_Task statement_
Reproduce all the lines below exactly and omit the images.

_Information shown_
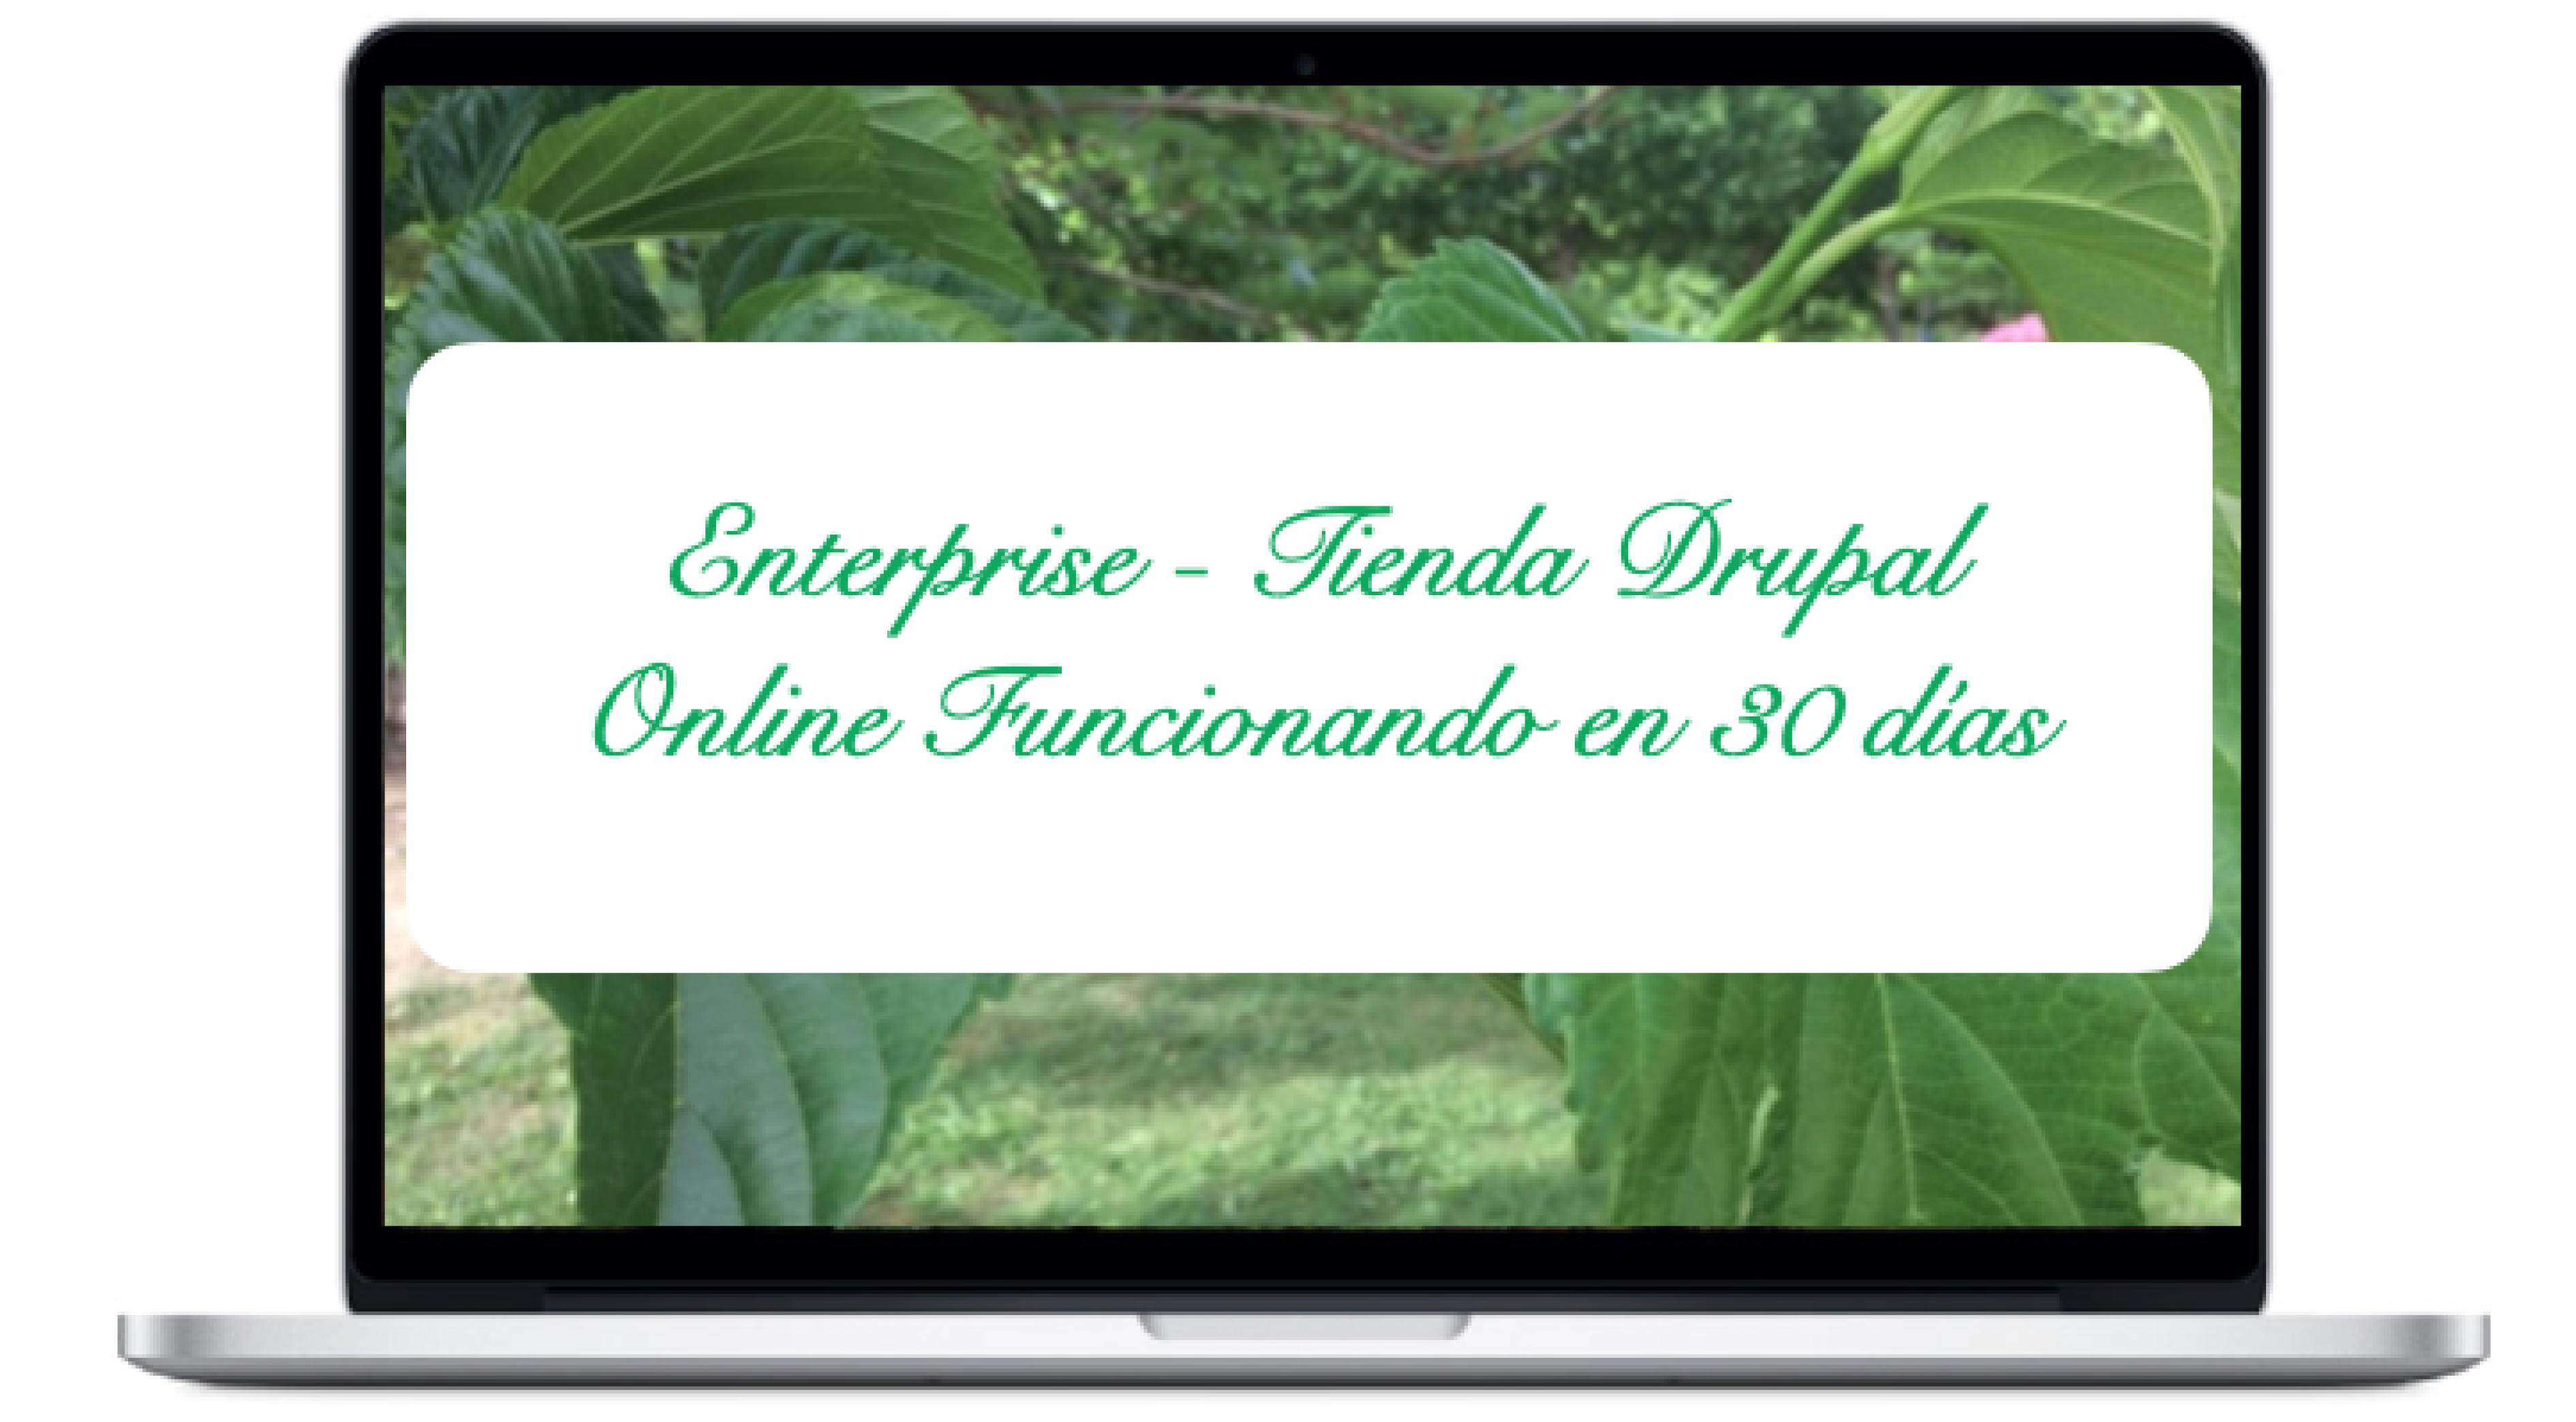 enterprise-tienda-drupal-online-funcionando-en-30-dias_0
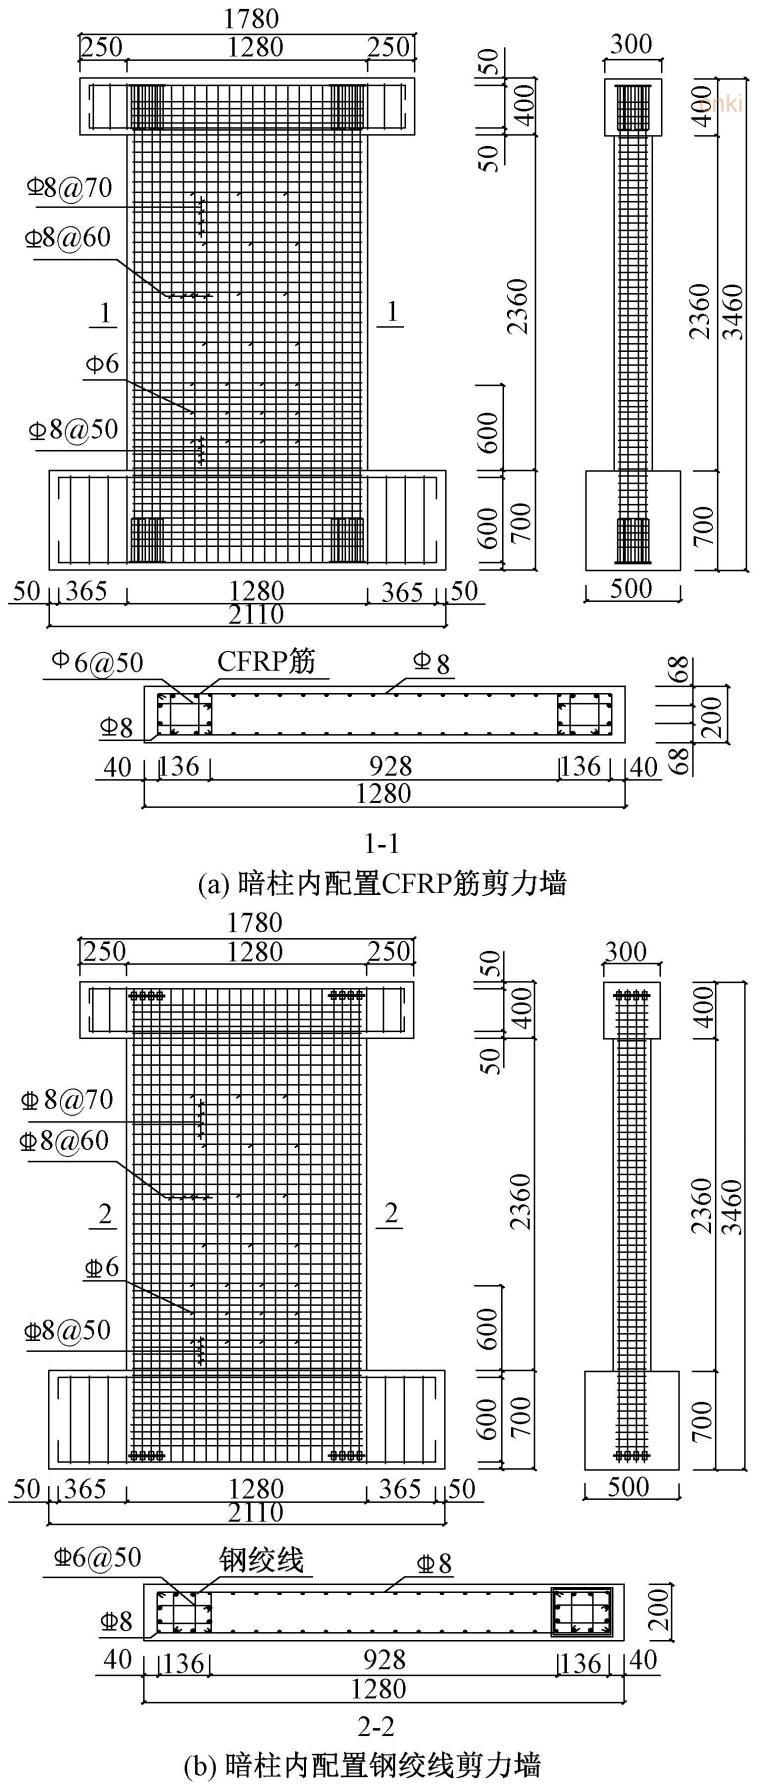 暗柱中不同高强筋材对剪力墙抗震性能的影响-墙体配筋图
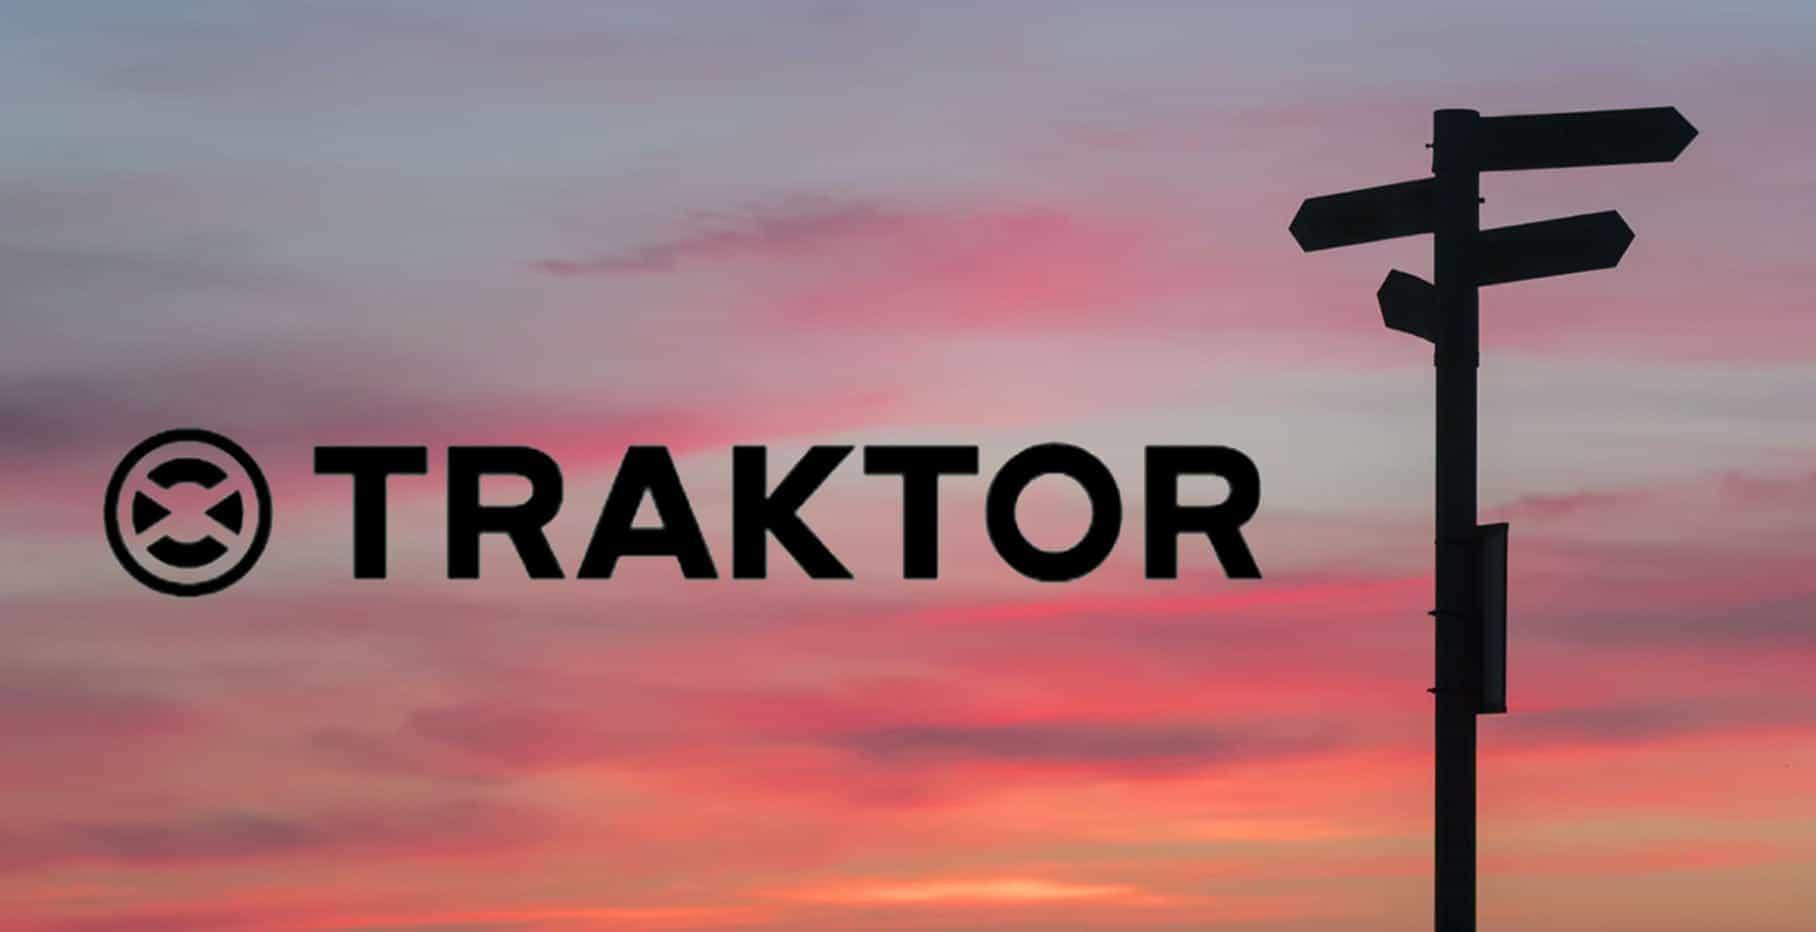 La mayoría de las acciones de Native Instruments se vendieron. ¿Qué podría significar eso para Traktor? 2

_The completed task_
 enterprise-tienda-drupal-online-funcionando-en-30-dias_0
 暗柱中不同高强筋材对剪力墙抗震性能的影响-墙体配筋图
 La mayoría de las acciones de Native Instruments se vendieron. ¿Qué podría significar eso para Traktor? 2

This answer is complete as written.